Als eine der größten deutschen Insolvenzen des ersten Quartals führt die Restrukturierungsberatung Falkensteg mit einem geschätzten Umsatz von 315 Mill. Euro die Insolvenz in Eigenverwaltung von Gerry Weber. Die dritte Restrukturierung des Modehauses binnen sechs Jahren endete vor wenigen Tagen mit einem Verkauf der Markenrechte im Zuge eines Asset Deals nach Spanien.
Schwierige Asset Deals
Der Weg zu einem erfolgreichen Asset Deal wird Janjuah zufolge beschwerlicher: „Viele Distressed-M&A-Investoren werden zurzeit mit Kaufangeboten geradezu überhäuft, sehen dann aber nur wenige Fälle, in denen sie vom Asset und seinem Geschäftsmodell wirklich überzeugt sind“, berichtet er. „Insolvenzverwalter stehen dann oft vor der schwierigen Situation, dass sie nur einen oder zwei ernsthafte Kaufinteressenten haben.“
Über alle Umsatzgrößen hinweg dürften die Insolvenzzahlen auch 2026 weiter steigen, erwarten die Analysten von Allianz Trade. Weltweit gehen sie für das kommende Kalenderjahr von einem Zuwachs von 5% aus. 2026 wäre dann seit 2022 das fünfte Jahr mit steigenden Insolvenzen in Folge.

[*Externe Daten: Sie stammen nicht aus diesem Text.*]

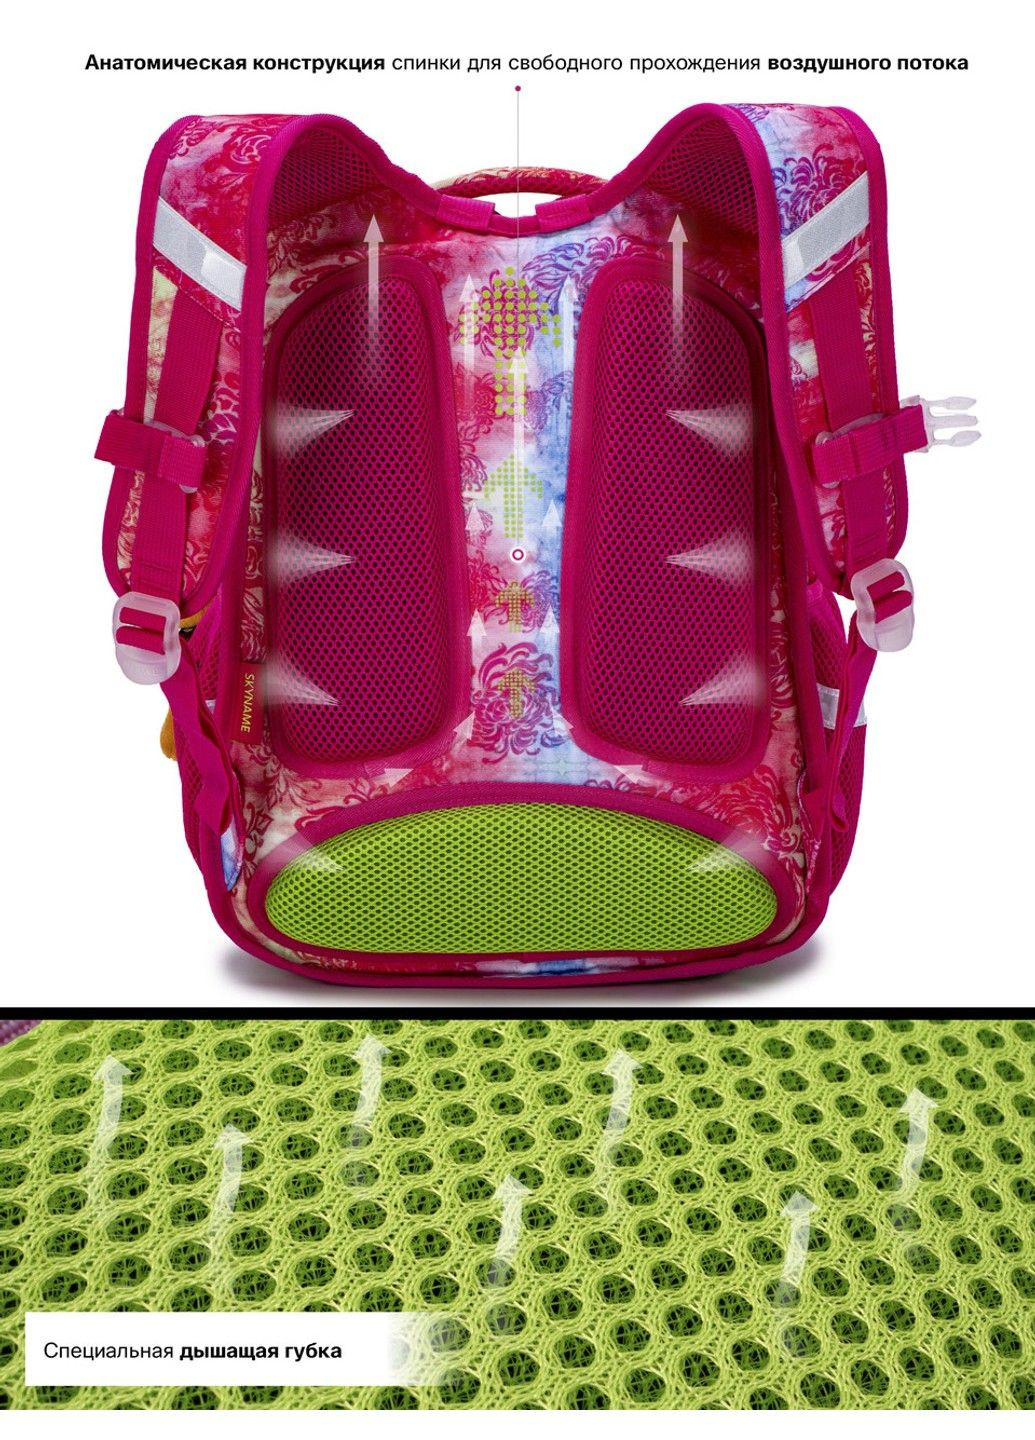 Шкільний рюкзак для дівчаток R1-025 SkyName (278404628)

Auch Deutschland muss 2026 noch mit steigenden Zahlen rechnen, die Insolvenzprognose kalkuliert mit einem Anstieg um 3%. Darin ist berücksichtigt, dass das Finanzpaket für Infrastruktur und Verteidigung die negativen Folgen durch US-Zölle zumindest in Teilen auffangen dürfte.